The applicable statutory language is clear and unambiguous. It clearly means that gross income from mining includes the income from treatment processes, which must normally be applied to the mineral to obtain "the commercially marketable mineral product or products," that is, to obtain the first product which is commercially marketable. Here, that first product is burnt brick and tile.
See United States v. Cherokee Brick Tile Co., 5 Cir., 218 F.2d 424 and Townsend v. Hitchcock Corporation, 4 Cir., 232 F.2d 444, 446. Cf. Dragon Cement Co., Inc., v. United States, D.C.S.D.Me., 144 F. Supp. 188.

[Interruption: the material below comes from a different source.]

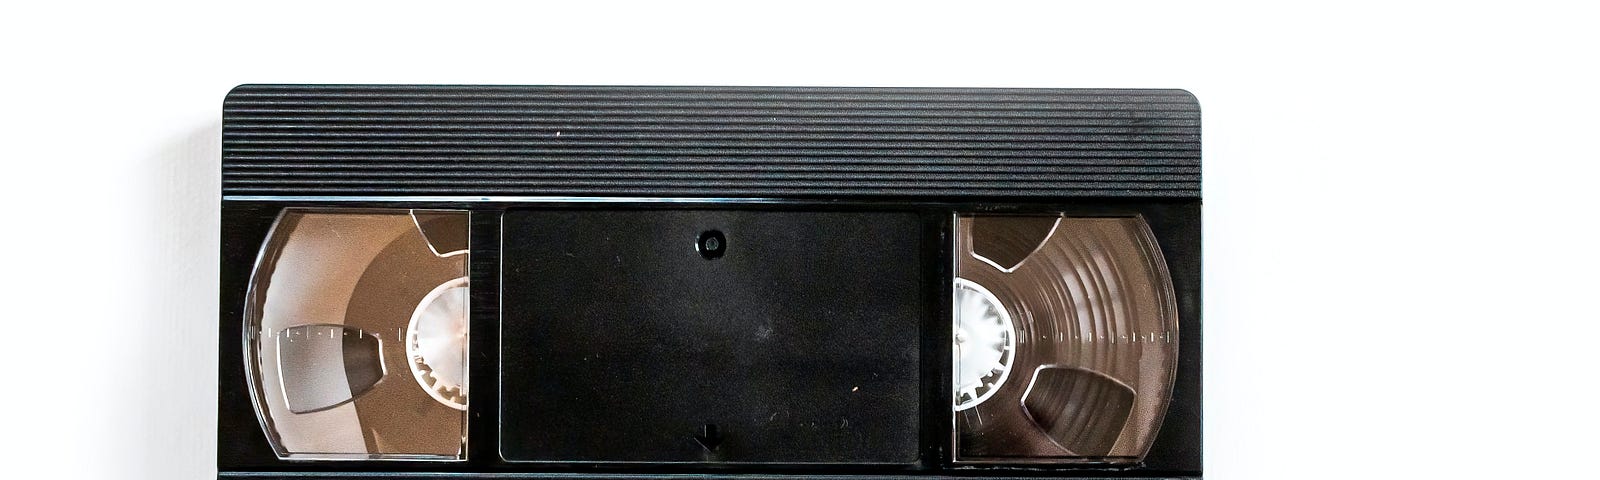 A VHS Tape
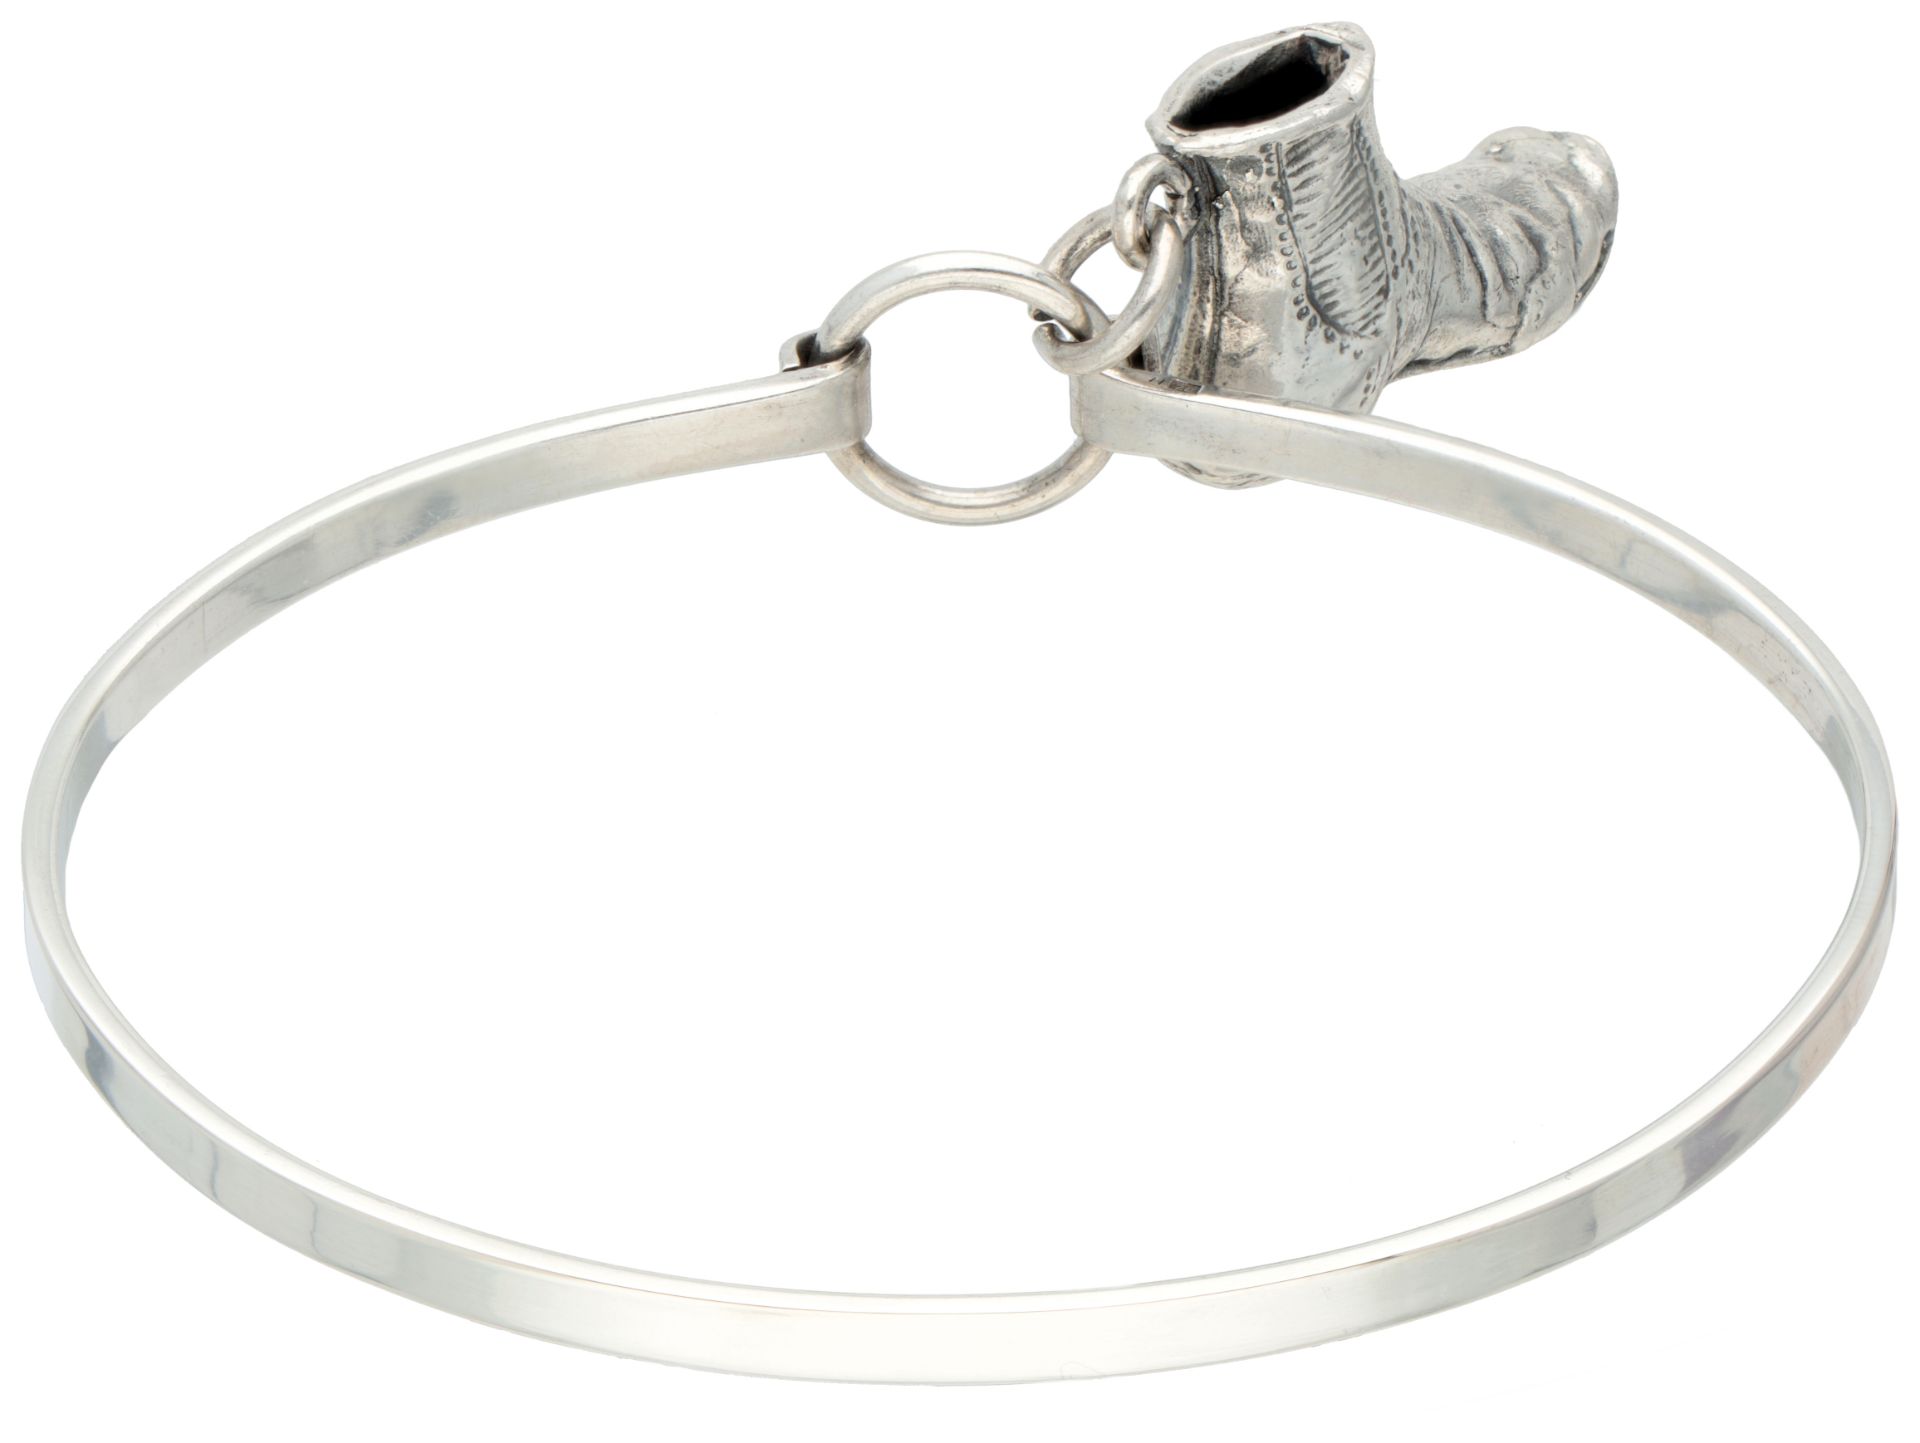 Finnish 835 silver bangle with charm of a shoe. - Image 3 of 5

The phrase "and ores" in that portion of § 114(b), supra, dealing with specific processes, does not embrace clay. Ore is a material containing valuable metallic constituents which are extractable therefrom. Brick and tile clay, such as is involved in the instant case, contains no valuable metallic constituent which can be extracted therefrom.
Accordingly, the judgment is affirmed.